PROVIDED MATERIAL »
--- START ---

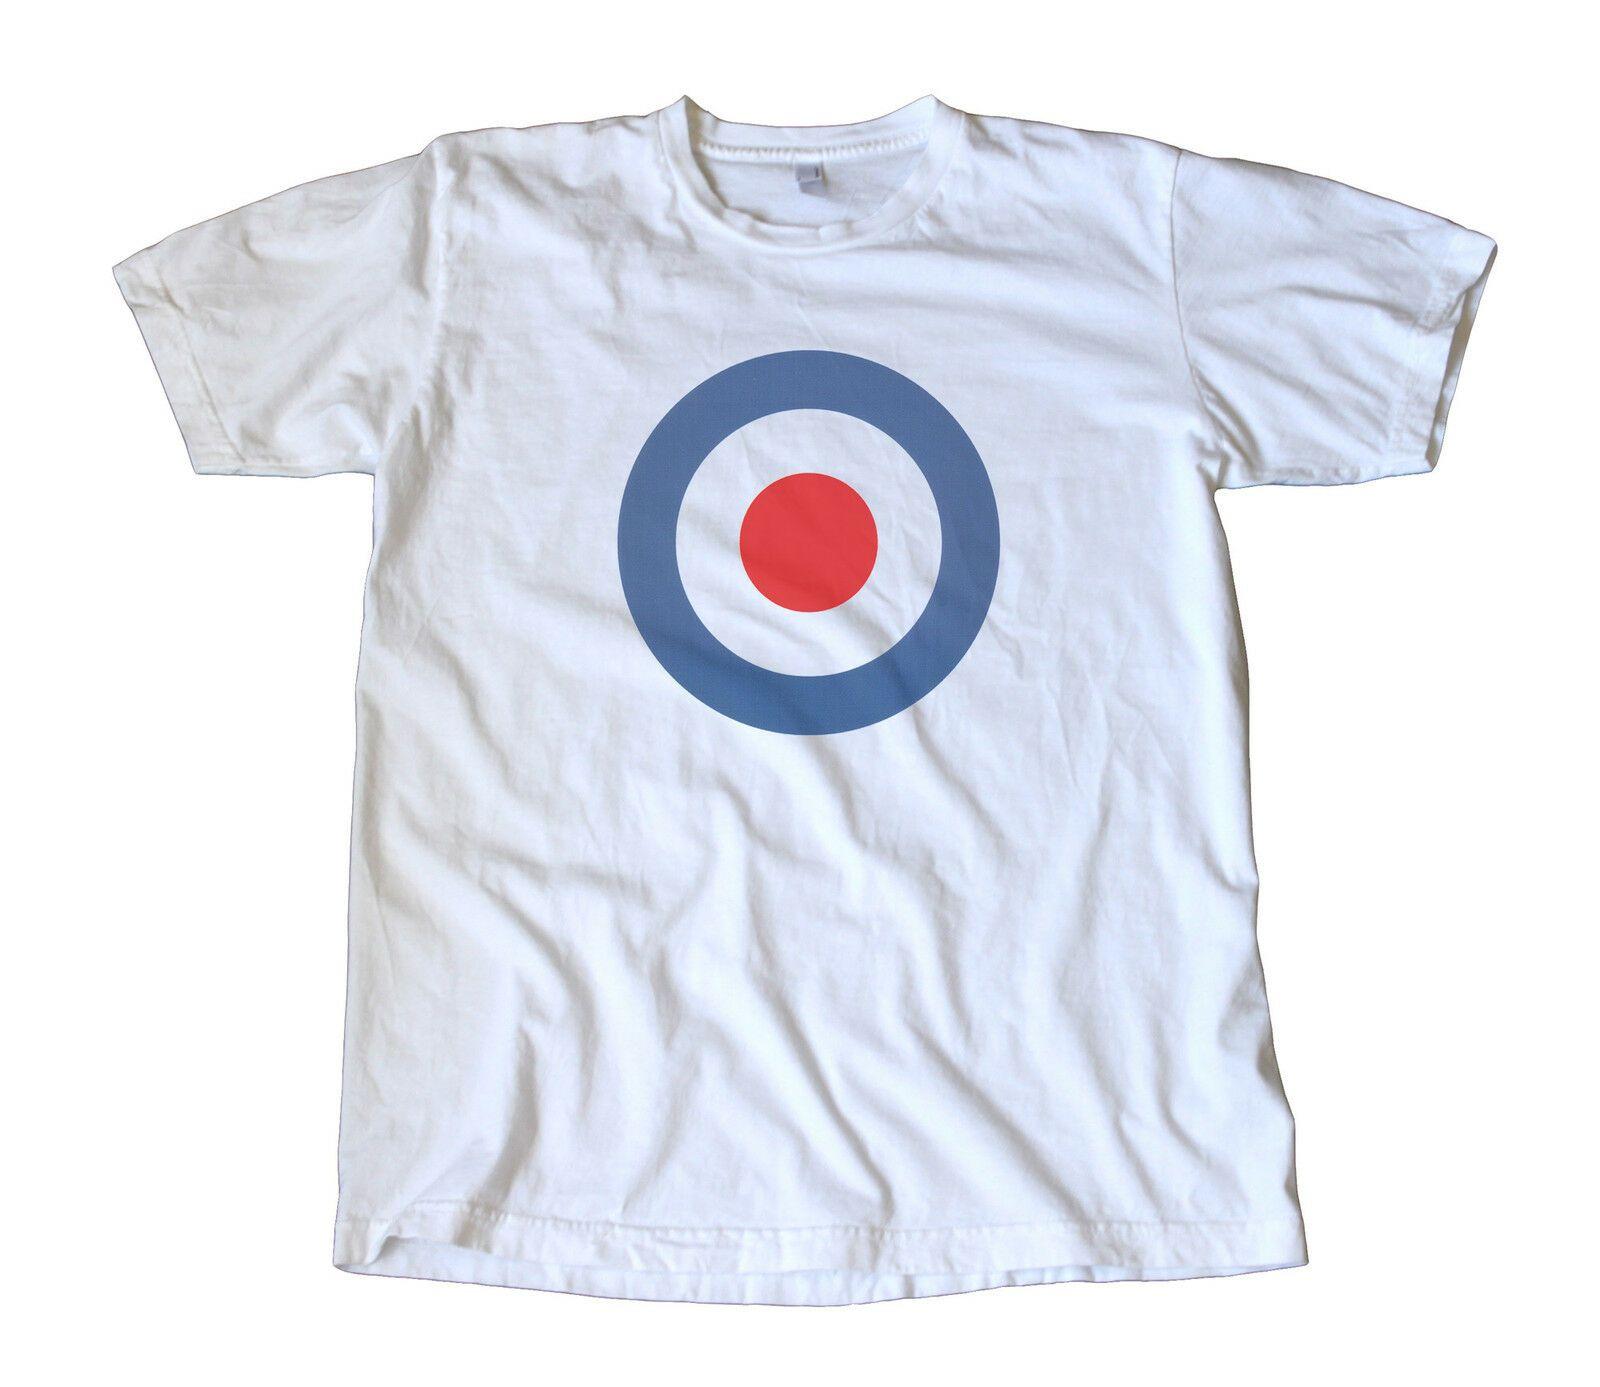 08d71b5567de51 Großhandel Vintage Classic RAF Aufkleber T Shirt The Who, Mod, Vespa,  Lambretta, ScooterFunny Kostenloser Versand Unisex Casual Tshirt Top Von  Pepitaprint, ...
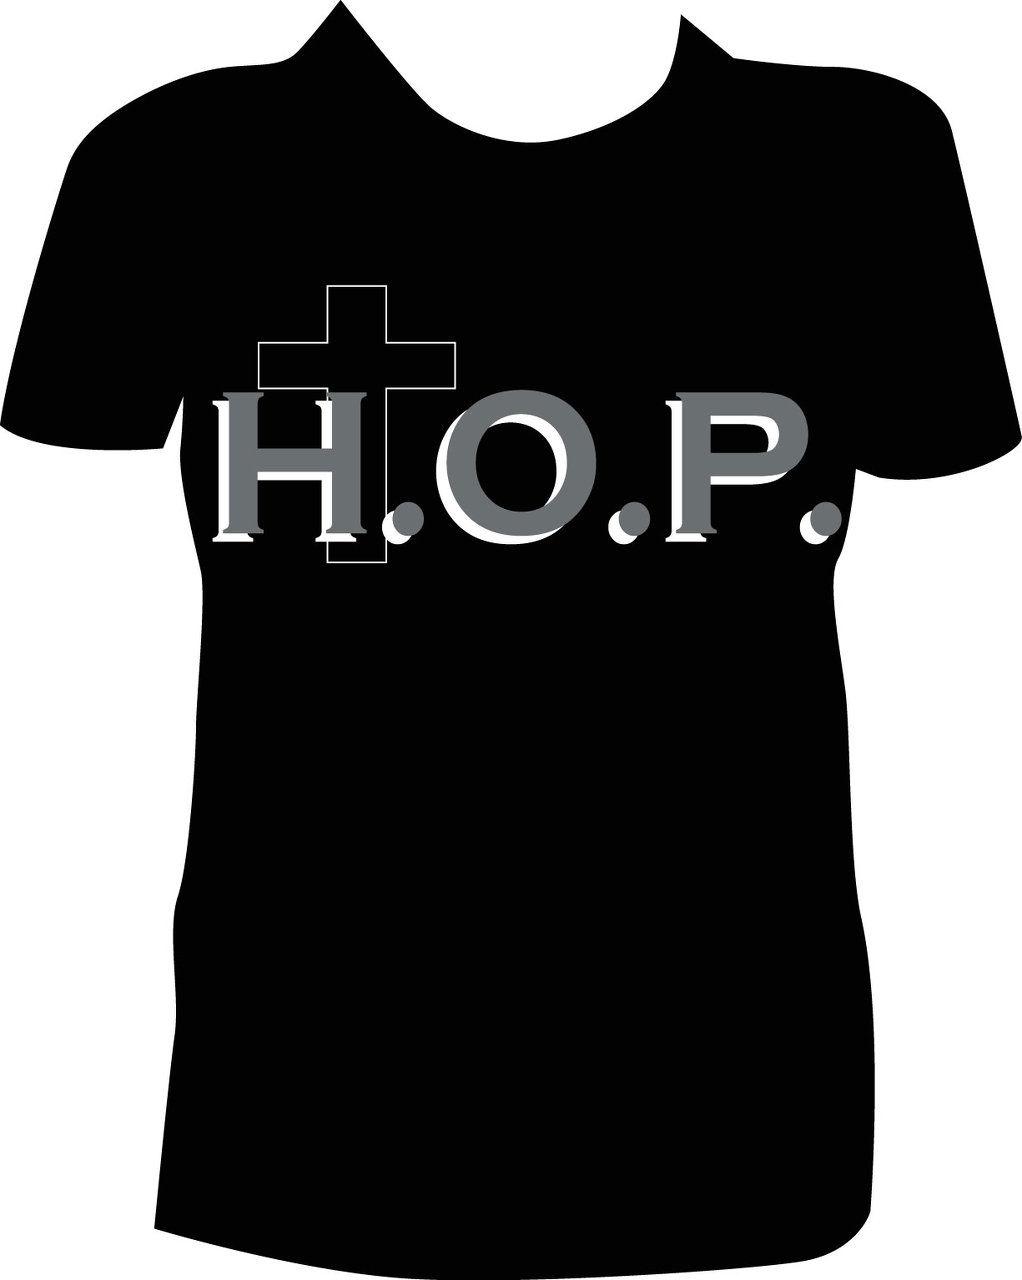 HOP shirt1.jpg
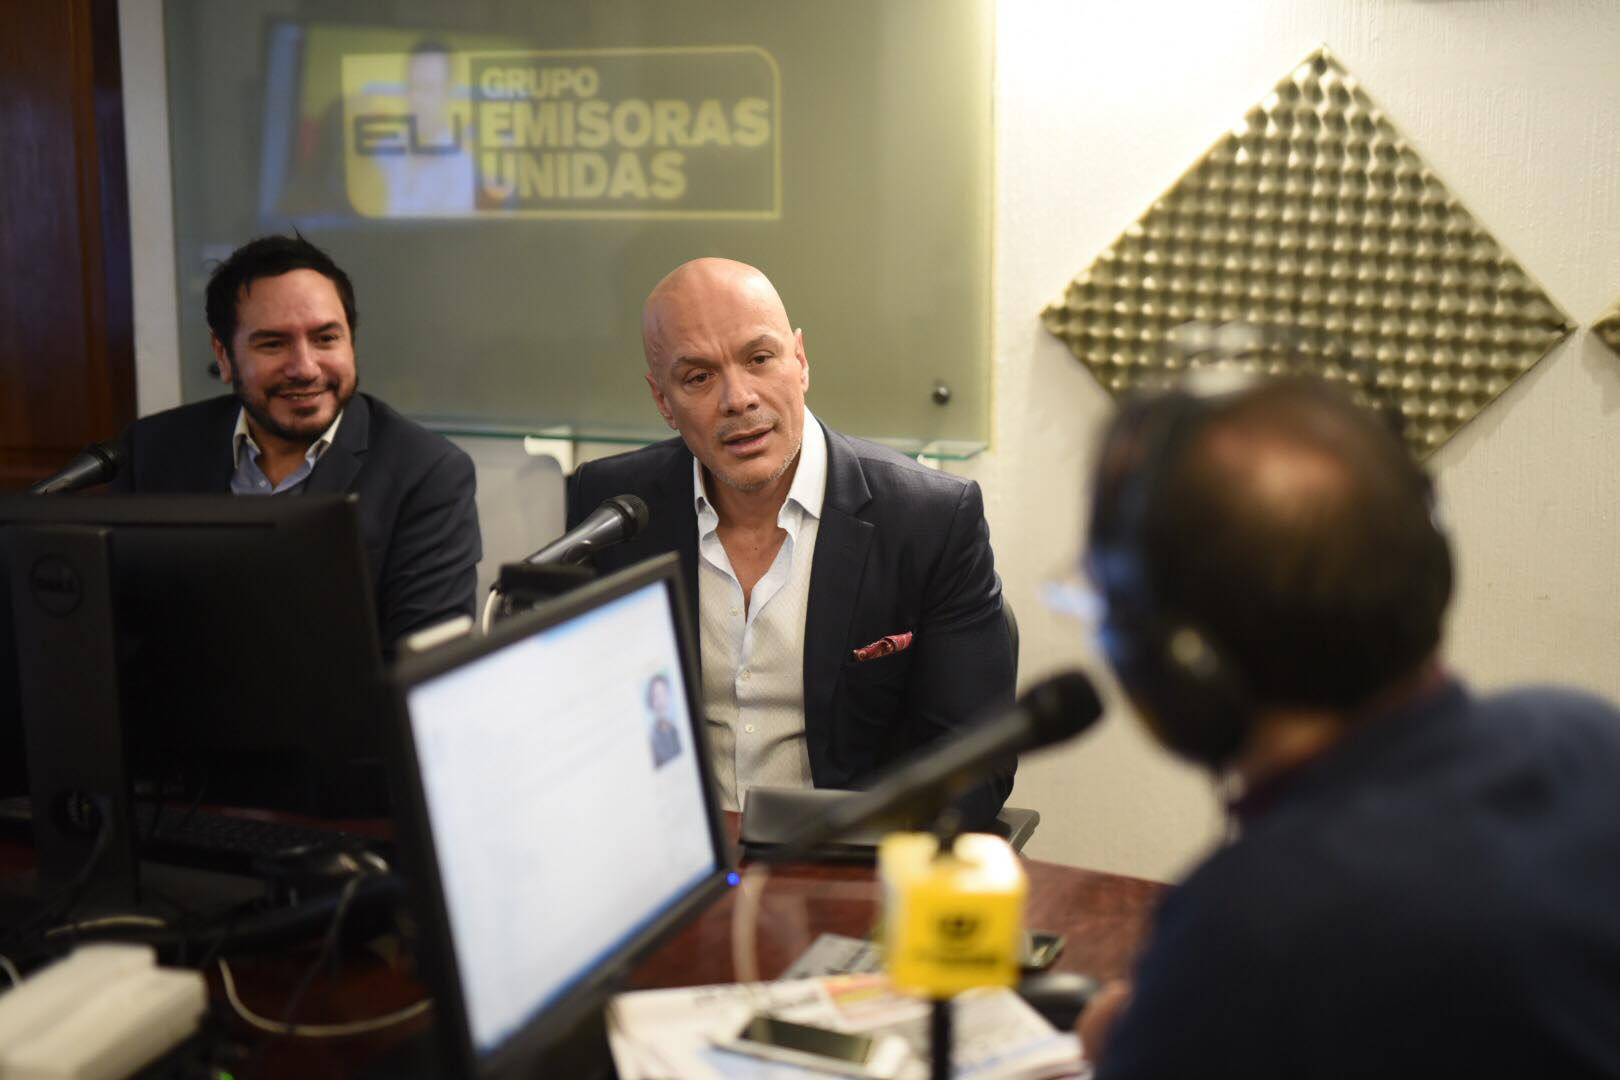 Grupo Emisoras Unidas anuncia alianza comercial con Televisa

--- END ---

TASK PROMPT » With the images omitted, return the full material exactly.

THE ANSWER »
 08d71b5567de51 Großhandel Vintage Classic RAF Aufkleber T Shirt The Who, Mod, Vespa,  Lambretta, ScooterFunny Kostenloser Versand Unisex Casual Tshirt Top Von  Pepitaprint, ...
 HOP shirt1.jpg
 Grupo Emisoras Unidas anuncia alianza comercial con Televisa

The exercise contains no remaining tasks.